La carretera zigzagueaba, y Sandy redujo la marcha de mala gana. Se repitió que estaba a punto de ver el sol señalando el límite del bosque. ¿Qué importaba que Giles Spence hubiera muerto en aquel mismo lugar cincuenta años atrás? Al menos ya había desaparecido la torre. En el cementerio no había encontrado ninguna alusión a ella, sólo a la tierra: la tierra que «sería anegada en sangre». No pudo evitar mirar el bosque entre la penumbra y el barro que salpicaba el parabrisas, intentando identificar lo que había acabado con la vida de Giles Spence. Pero no fue la visión de ningún árbol lo que hizo que su pie se retirara del acelerador, casi calando el coche.
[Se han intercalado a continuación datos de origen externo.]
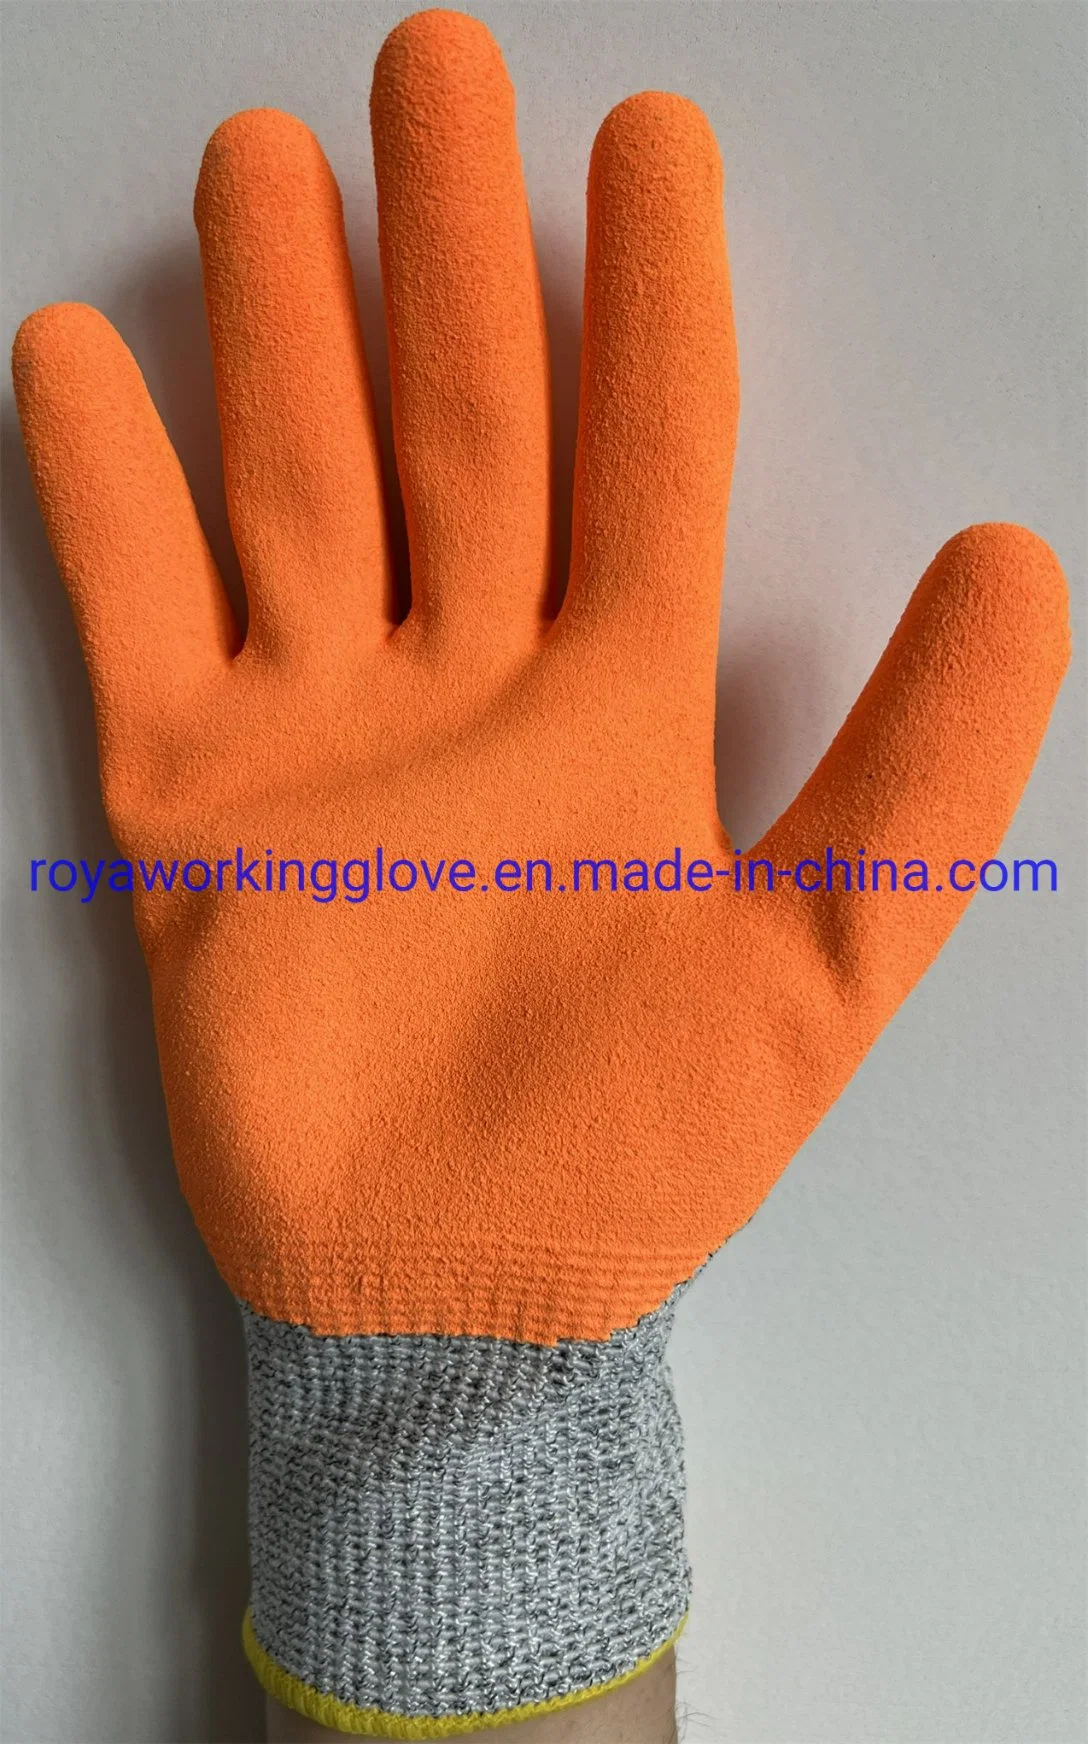 Hppe Cut Reistance Gloves/Anti-Cutting Gloves /Handling Metal Gloves /Handling Glass Gloves /Anti Cutting Gloves

No era más que un espantapájaros. Alguien debió de haberlo tirado entre los árboles en lugar de llevárselo a otro lado. Debía de llevar mucho tiempo abandonado allí, pues su cabeza se había convertido en una maraña vegetal, aunque más de uno de los que había visto plantados en los campos tenía un aspecto similar. Un golpe de viento agitó la vegetación y el espantapájaros pareció apartarse del árbol contra el que estaba apoyado. La aparición de la hinchada masa verdosa, que recordaba a una cara más de lo que Sandy hubiera querido, le hizo pisar el acelerador con fuerza. El coche derrapó ligeramente en la curva. La carretera giró sobre sí misma bruscamente y Sandy vio el cielo abierto a unos cientos de metros, al final del siguiente tramo recto. Estaba tan deslumbrada por la luz del sol y por el alivio que le producía, que casi no vio el espantapájaros.
Debía de ser una costumbre el tirar los viejos espantapájaros allí. Y no podía ser el mismo, porque estaba apoyado contra un árbol diferente, entre ella y la salida del bosque. El árbol, un grueso roble, parecía haber sido dañado en el pasado y quizá fuera el que había estado buscando. No tenía tiempo ni ganas de parar a examinarlo más de cerca, ni tampoco de acercarse a aquella figura famélica y harapienta que se recortaba tras él, asomando la enmarañada cabeza. Llegó a la altura del árbol y sintió el impulso de acelerar cuando éste le ocultó la extraña figura. El viejo roble desapareció de su vista y volvió a reaparecer en el espejo lateral. Entonces vio al espantapájaros volver la cabeza hacia ella y dejarse caer en cuatro patas, perdiéndose entre el follaje.
Sandy dejó escapar un grito, intentando controlar el volante con manos temblorosas, y se resistió con todas sus fuerzas al impulso de mirar atrás. Estaba casi en el lindero del bosque, fuera de Toonderfield. El viento debió de haber tumbado el espantapájaros, eso era todo. Lo que le había parecido una horrenda cara que seguía al coche entre los helechos y matorrales no podían ser más que las sombras de las hojas.
Aceleró para dejar atrás los últimos árboles. La idea de que en realidad todavía no había salido del bosque le produjo un nudo en el estómago. Entonces el cielo se abrió sobre su cabeza, y el coche salió como un proyectil al campo abierto. El bosque se hundió en la lejanía como si volviera a la tierra y pronto se vio rodeada de campos de labranza; frente a ella y a sus espaldas ya sólo había la carretera. Intentó convencerse de que en un momento el paisaje la tranquilizaría y por fin dejaría de sentirse vigilada y perseguida.